Your development and test sets



Lets return to our earlier cat pictures example: You run a mobile app, and users are uploading pictures of many different things to your app. You want to automatically find the cat pictures. 


Your team gets a large training set by downloading pictures of cats (positive examples) and non-cats (negative examples) off different websites. They split the dataset 70%/30% into training and test sets. Using this data, they build a cat detector that works well on the training and test sets. 

But when you deploy this classifier into the mobile app, you find that the performance is really poor! 

What happened? 


You figure out that the pictures users are uploading have a different look than the website images that make up your training set: Users are uploading pictures taken with mobile phones, which tend to be lower resolution, blurrier, and have less ideal lighting. Since your training/test sets were made of website images, your algorithm did not generalize well to the actual distribution you care about of smartphone pictures. 
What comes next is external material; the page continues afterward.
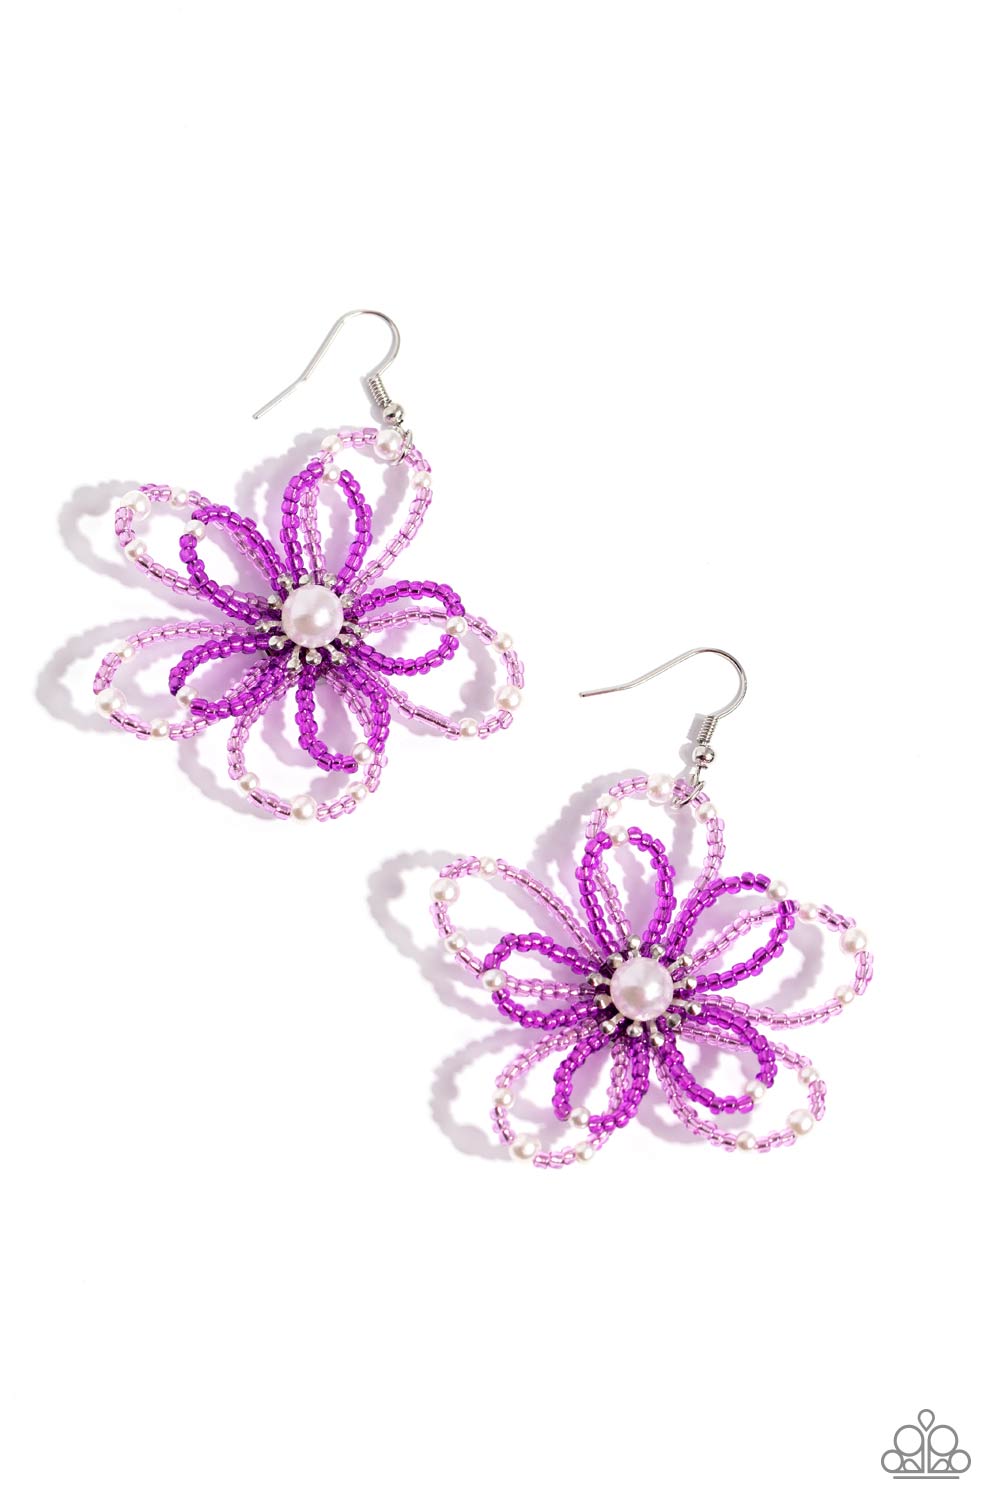 PEARL Crush Purple Seed Bead Flower Earring - Paparazzi Accessories  A glossy white pearl blooms from the center of a layered Rose Violet and plum glassy seed bead flower, infused with additional dainty white pearls, creating a colorful floral frame. Earring attaches to a standard fishhook fitting.  Sold as one pair of earrings.  SKU: P5ST-PRXX-027XX

Before the modern era of big data, it was a common rule in machine learning to use a random 70%/30% split to form your training and test sets. This practice can work, but is a  bad idea in more and more applications where the training distribution (website images in our example above) is different from the distribution you ultimately care about (mobile phone images).


  1. 训练集——用来训练你的学习算法
  2. 开发集——用来对训练集训练出来的模型进行测试,通过测试结果来不断地优化模型。也叫交叉训练集
  3. 测试集——在训练结束后,对训练出的模型进行一次最终的评估所用的数据集。

We usually define:

  • Training set — Which you run your learning algorithm on.
  • Dev (development) set — Which you use to tune parameters, select features, and make other decisions regarding the learning algorithm. Sometimes also called the holdout cross validation set
  • Test set — which you use to evaluate the performance of the algorithm, but not to make any decisions about regarding what learning algorithm or parameters to use. 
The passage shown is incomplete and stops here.